European Union justice and home affairs ministers have failed to agree new rules to decide which member-state should take responsibility for processing asylum applications. But Denmark, which holds the EU Presidency, has given other member-states a week to find agreement on changes to the Dublin Convention.
Agreed in 1997, the Dublin Convention aims to prevent multiple asylum applications being made throughout the EU by providing that an asylum-seeker must make an application in the first EU country in which he or she had an opportunity to do so. If an asylum-seeker does not avail of this opportunity, and instead travels to another EU country, he or she may be sent back to the first country.
The Commission has proposed changes to the Dublin Convention, which has been criticised as time-consuming, costly and ineffective. Under a Danish proposal, member-states would have 12 months to show that an asylum-seeker came from another country.
Southern countries want this period shortened to six months but northern member-states want it extended to 24 months. Ireland supports the Danish proposal and many other member-states appeared last night to be willing to compromise. Germany is expected to hold out for a longer time limit.
The Minister for Justice, Mr McDowell, said he was eager to get an effective system in place. He said that the housing, care and administration of asylum-seekers cost the Exchequer €300 million each year.
Mr McDowell dismissed concerns that a proposal to share personal data on EU citizens with US authorities could endanger civil liberties. The proposal was due to be discussed by justice ministers in Brussels today but it was taken off the agenda after Germany, France, Spain and the Netherlands expressed concerns about it.

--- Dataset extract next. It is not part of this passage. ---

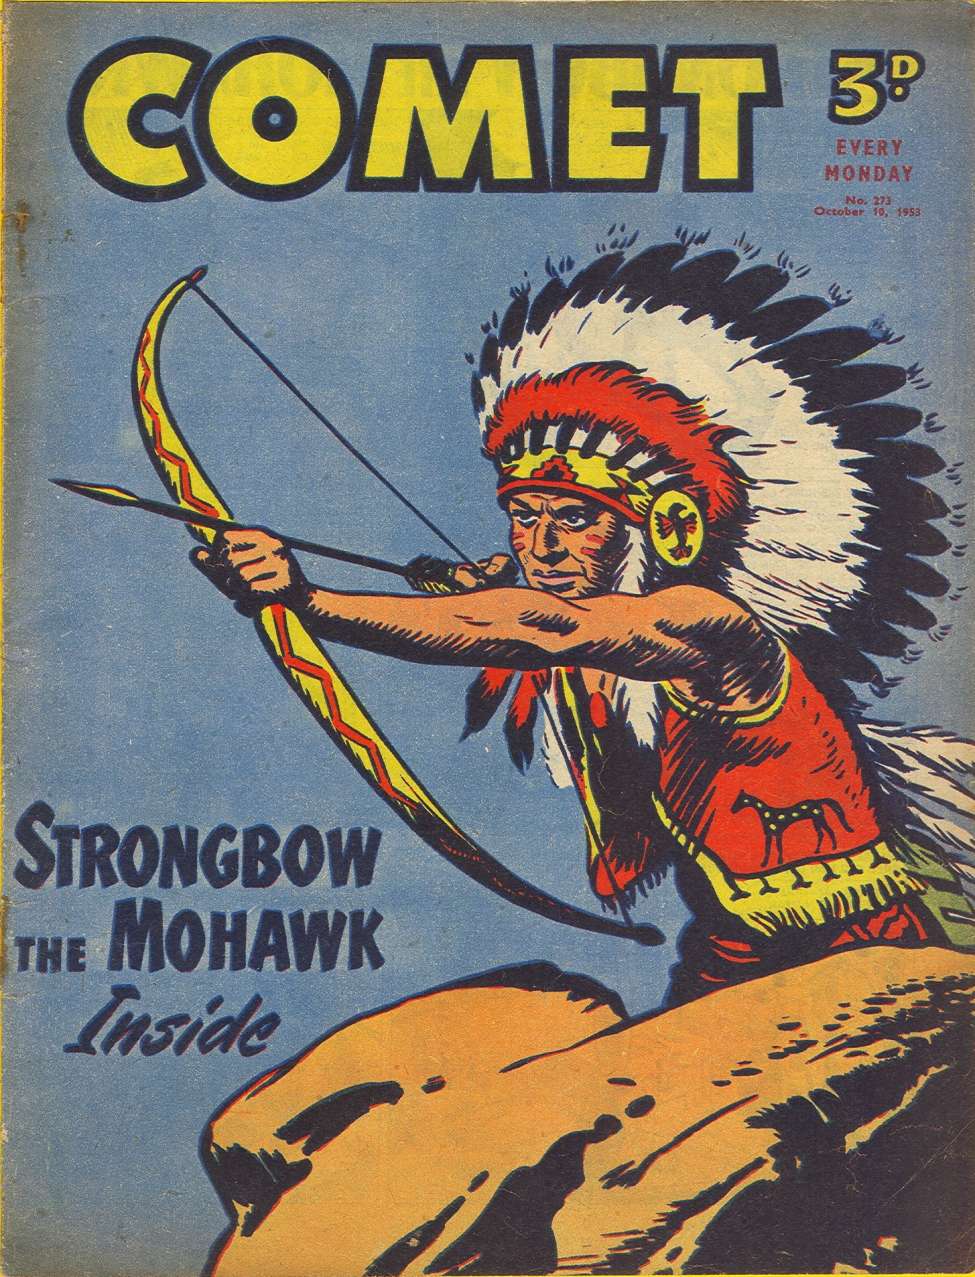 Book Cover For The Comet 273

Mr McDowell said the Irish and British security services had long had friendly, informal relationships with their counterparts in the US. "If people are worried about this, they should have been worried about it for the last 30 to 50 years. There's nothing new about it as far as we are concerned," he said.
Mr McDowell said that the changing nature of international terrorism and the use of the Internet by terrorists meant that governments must seek new ways of dealing with the threat.
"The response to international terrorism has to be commensurate to the risk posed," he said.
Mr McDowell restated his opposition to proposals at the Convention on the Future of Europe to give the EU competence in criminal law. He said the Government was playing an active role at the Convention but insisted that all decisions affecting the EU's future would be taken at the Inter-governmental Conference (IGC) that follows it.
"The Convention proposes but the IGC disposes. Anyone who thinks the IGC will be a rubber stamp for the Convention is mistaken," he said.